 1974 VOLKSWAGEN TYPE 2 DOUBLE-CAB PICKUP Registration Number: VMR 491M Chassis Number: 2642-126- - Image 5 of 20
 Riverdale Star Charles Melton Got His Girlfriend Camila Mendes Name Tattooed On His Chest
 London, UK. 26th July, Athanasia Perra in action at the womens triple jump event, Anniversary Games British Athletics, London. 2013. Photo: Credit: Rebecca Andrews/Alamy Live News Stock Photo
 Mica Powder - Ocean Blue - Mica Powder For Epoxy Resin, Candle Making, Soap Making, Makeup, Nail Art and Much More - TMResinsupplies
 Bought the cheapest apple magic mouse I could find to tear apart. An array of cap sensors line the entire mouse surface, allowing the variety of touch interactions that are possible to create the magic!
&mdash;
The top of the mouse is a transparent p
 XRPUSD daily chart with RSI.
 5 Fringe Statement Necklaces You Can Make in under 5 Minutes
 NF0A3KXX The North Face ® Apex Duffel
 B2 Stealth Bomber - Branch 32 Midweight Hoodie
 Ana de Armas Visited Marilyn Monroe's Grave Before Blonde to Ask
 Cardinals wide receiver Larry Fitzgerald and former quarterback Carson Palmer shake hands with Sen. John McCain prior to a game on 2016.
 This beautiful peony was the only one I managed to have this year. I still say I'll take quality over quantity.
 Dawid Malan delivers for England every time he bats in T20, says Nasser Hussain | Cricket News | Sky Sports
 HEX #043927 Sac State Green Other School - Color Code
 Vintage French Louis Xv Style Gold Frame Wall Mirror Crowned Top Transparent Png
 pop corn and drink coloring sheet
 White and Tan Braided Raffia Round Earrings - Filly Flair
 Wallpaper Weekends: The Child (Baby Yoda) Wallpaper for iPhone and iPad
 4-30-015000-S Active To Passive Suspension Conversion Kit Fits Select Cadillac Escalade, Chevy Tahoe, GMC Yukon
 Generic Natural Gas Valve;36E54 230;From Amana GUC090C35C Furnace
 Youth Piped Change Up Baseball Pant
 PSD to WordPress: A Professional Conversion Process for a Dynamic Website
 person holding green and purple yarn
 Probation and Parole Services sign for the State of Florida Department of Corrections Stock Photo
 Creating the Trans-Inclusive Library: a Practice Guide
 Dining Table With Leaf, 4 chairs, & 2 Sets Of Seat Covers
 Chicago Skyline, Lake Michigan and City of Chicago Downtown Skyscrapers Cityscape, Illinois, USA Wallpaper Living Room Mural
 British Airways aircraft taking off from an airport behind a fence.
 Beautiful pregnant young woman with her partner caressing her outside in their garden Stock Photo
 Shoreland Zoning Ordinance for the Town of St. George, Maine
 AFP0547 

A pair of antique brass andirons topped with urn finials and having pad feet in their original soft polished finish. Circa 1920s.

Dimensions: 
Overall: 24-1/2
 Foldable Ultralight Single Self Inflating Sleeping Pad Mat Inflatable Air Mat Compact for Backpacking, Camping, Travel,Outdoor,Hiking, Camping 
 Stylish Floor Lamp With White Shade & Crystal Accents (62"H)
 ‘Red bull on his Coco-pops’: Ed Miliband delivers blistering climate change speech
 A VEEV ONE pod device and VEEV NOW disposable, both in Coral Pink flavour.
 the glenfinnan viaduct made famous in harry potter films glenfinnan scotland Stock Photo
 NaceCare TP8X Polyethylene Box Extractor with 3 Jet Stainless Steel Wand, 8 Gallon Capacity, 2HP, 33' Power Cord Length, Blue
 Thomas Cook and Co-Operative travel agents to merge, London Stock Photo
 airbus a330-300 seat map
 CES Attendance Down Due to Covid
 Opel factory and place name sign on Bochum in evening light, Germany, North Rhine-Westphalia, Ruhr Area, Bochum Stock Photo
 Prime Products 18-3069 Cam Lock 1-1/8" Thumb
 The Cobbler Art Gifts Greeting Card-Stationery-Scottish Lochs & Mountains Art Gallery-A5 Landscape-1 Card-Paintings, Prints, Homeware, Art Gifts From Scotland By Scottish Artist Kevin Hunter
********************
Set down, exactly as they appear above, all lines from the one that has "Mica Powder - Ocean" down to the one that has "Dawid Malan delivers", including those two and no others.

### Response
 Mica Powder - Ocean Blue - Mica Powder For Epoxy Resin, Candle Making, Soap Making, Makeup, Nail Art and Much More - TMResinsupplies
 Bought the cheapest apple magic mouse I could find to tear apart. An array of cap sensors line the entire mouse surface, allowing the variety of touch interactions that are possible to create the magic!
&mdash;
The top of the mouse is a transparent p
 XRPUSD daily chart with RSI.
 5 Fringe Statement Necklaces You Can Make in under 5 Minutes
 NF0A3KXX The North Face ® Apex Duffel
 B2 Stealth Bomber - Branch 32 Midweight Hoodie
 Ana de Armas Visited Marilyn Monroe's Grave Before Blonde to Ask
 Cardinals wide receiver Larry Fitzgerald and former quarterback Carson Palmer shake hands with Sen. John McCain prior to a game on 2016.
 This beautiful peony was the only one I managed to have this year. I still say I'll take quality over quantity.
 Dawid Malan delivers for England every time he bats in T20, says Nasser Hussain | Cricket News | Sky Sports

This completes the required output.